I have been saying for a long time that people of all political views should support the idea of an amendatory convention as described in Article V. At this Harvard conference, it’s really going to happen.

There will be two keynote speeches. One from the left and one from the right. The liberal is Harvard Law Professor Lawrence Lessig. The conservative is Mark Meckler, the National Coordinator of the Tea Party Patriots.

Strange bedfellows to be sure.

I’m not sure exactly what those two fellows are likely to agree upon. But it would seem that they both think it’s time to organize an Article V convention. That’s because they both think there is something wrong with the government in Washington that can’t be fixed just by electing new people.

Lessig has a web site called “fixcongressfirst.” He is obviously of the opinion that money talks too loud in the nation’s capital. He’s unhappy about the Supreme Court’s decision in the Citizens United case, and I suppose he would like to see an amendment that would reverse that decision or somehow address the problem of mendacious politicians selling their loyalty and their votes.
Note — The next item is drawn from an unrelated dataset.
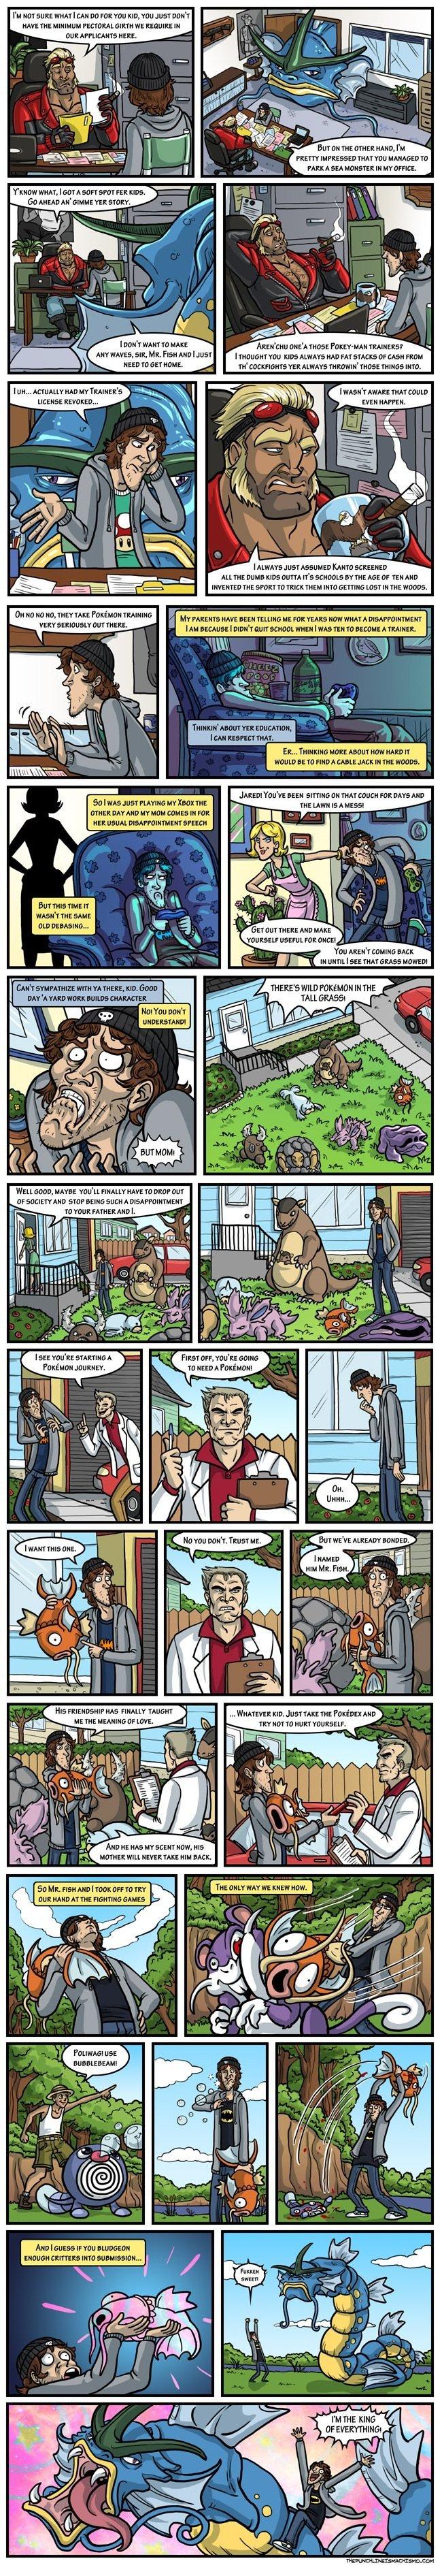 pokeymans. probably a repost.. Repost, but it's funny still. Pokemon funny

That’s an issue which would probably find support among Mr. Meckler’s people as well. The whole Tea Party movement was based on dissatisfaction with the Congress.

So the issue which a convention would have to address is this: what do you do about it?

Tough question.

The old saying is that all is fair in love and war. Add politics. I don’t know how you can legislate against political enthusiasm and effort. You can’t stop rich people from spending money to support their favorite candidates any more than you can stop poor folks from marching in the streets to support their candidates.

And really, who would be competent to do it? The government? The very same government that is being fought over at the ballot box? Not exactly an impartial arbiter.

Let’s face it, the money problem is a function of two things: the size of the constituencies and the size of the prize.

The Founders tried to require congressional districts of no more than 50,000 people. Today they comprise about 700,000. Hard to walk door to door. Television. Newspapers. Bulk mail. It all costs big bucks.

If we had districts of 50,000 people, the House of Representatives would need over 6,000 seats. Sounds unwieldy, but then you have to ask yourself whether 435 Congressmen and women can really represent over 300 million citizens.

A large part of the problem, of course, is the extent to which the government is involved in the economy. As long as Washington is a cornucopia, there will be competition among the greedy for the goodies.

Political contributions are usually made on a cost-benefit analysis. You give in order to get.

Maybe we need to think about a two tier system. Small districts in which the voters can elect representatives they know and trust, who in turn would send delegates to Washington when Congress is in session.

The delegates could do the committee work and the ceremonial duties, but the local representatives would vote on all actual legislation. With modern communications, they don’t need to be in the Capital Building to register their ayes and nays.

Something to think about.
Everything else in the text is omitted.